ARSC HPC Users' Newsletter 306, December 17, 2004
- tcsh "autologout," Especially on the ARSC IBMs
- ScaLAPACK Intro: Part III of V
- NCL Upgrade Announced
- OpenMP 2.5 Draft Specification Released for Public Comments
- Holiday Greetings
- Quick Tip
tcsh "autologout," Especially on the ARSC IBMs
UNIX shells always seem to find a way to keep you on your toes. If you use tcsh and regularly, but mysteriously, find yourself logged out of terminal sessions, the problem might be the autologout functionality. When the variable "autologout" is set, the tcsh shell will *automatically* disconnect the session after the specified number of minutes. E.g.:
# first set the autologout variable to 60 minutes. iceberg1 3% set autologout=60 # verify that it is set using the built in shell command, 'set'. iceberg1 4% set grep auto autologout 60
In this case the shell will disconnect after 60 minutes of idle time. After the specified amount of idle time, we would see the following:
iceberg1 4% auto-logout Connection to iceberg closed.

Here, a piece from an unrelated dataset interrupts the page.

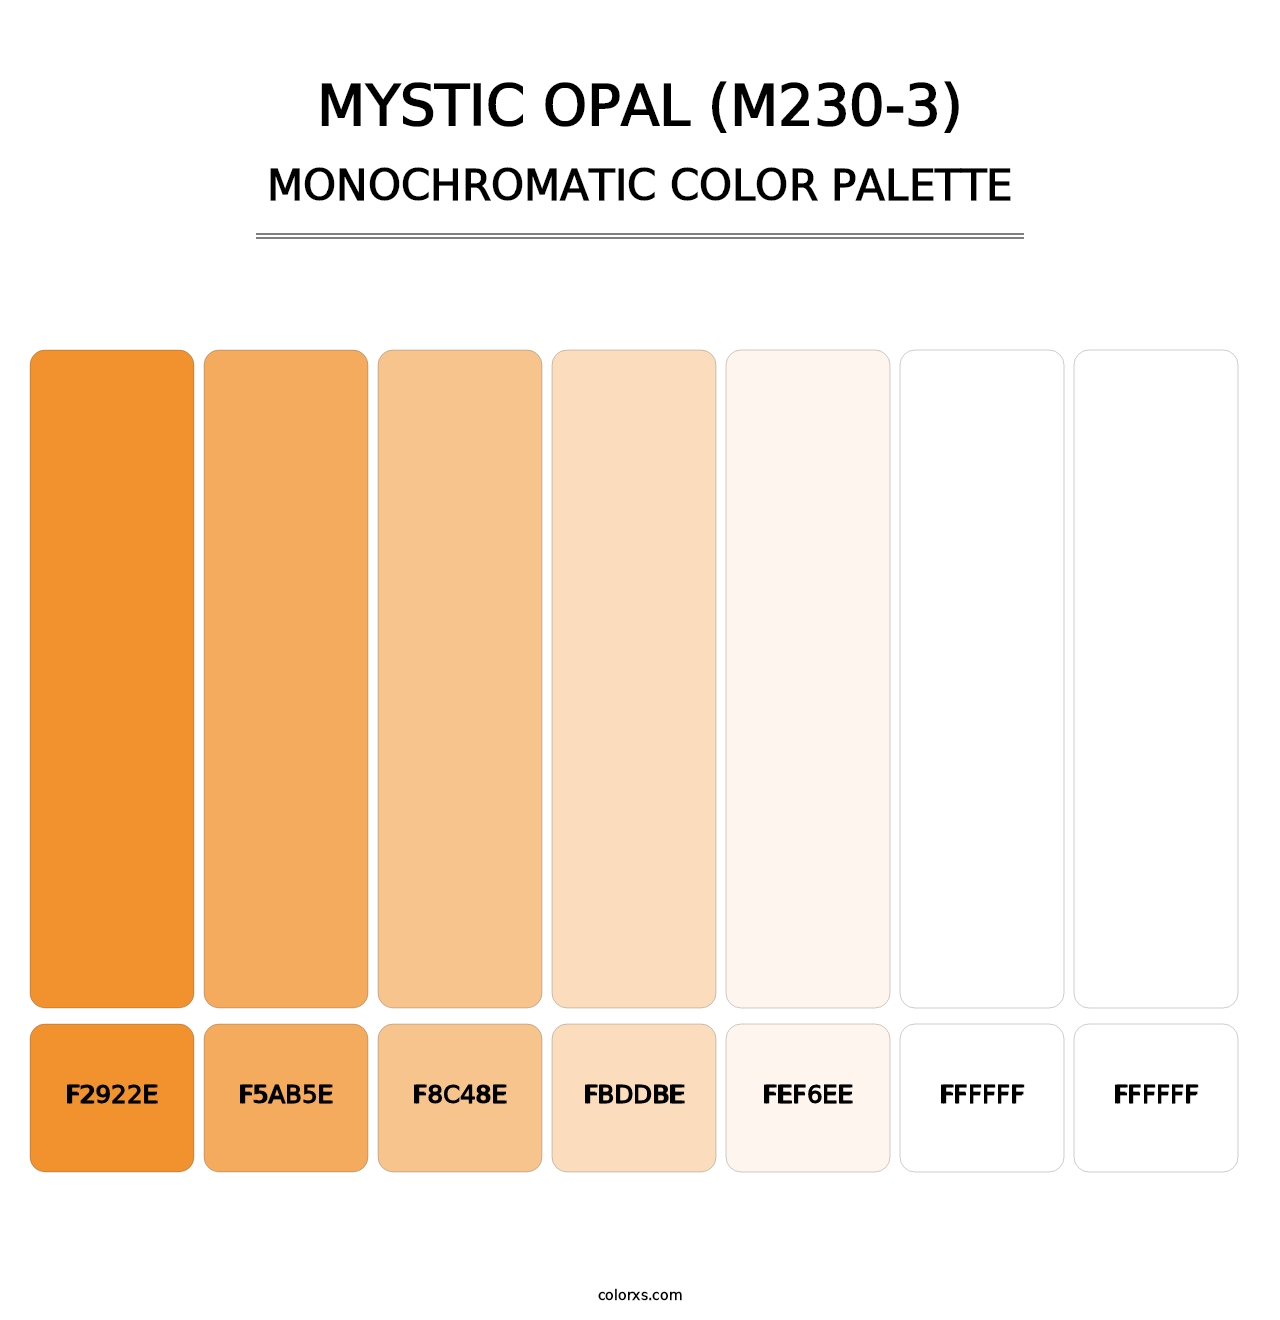 Mystic Opal (M230-3) - Monochromatic Color Palette

In some versions of tcsh including those installed on iceberg and iceflyer, the autologout variable may be set by default (!!!) to 60 minutes. Sifting through the tcsh man page, one finds that autologout is set to 60 minutes by default in login and superuser shells, but not if the shell "thinks" it is running under a window system. It checks the setting of the environment variable DISPLAY to assess whether or not the session is running under a window system.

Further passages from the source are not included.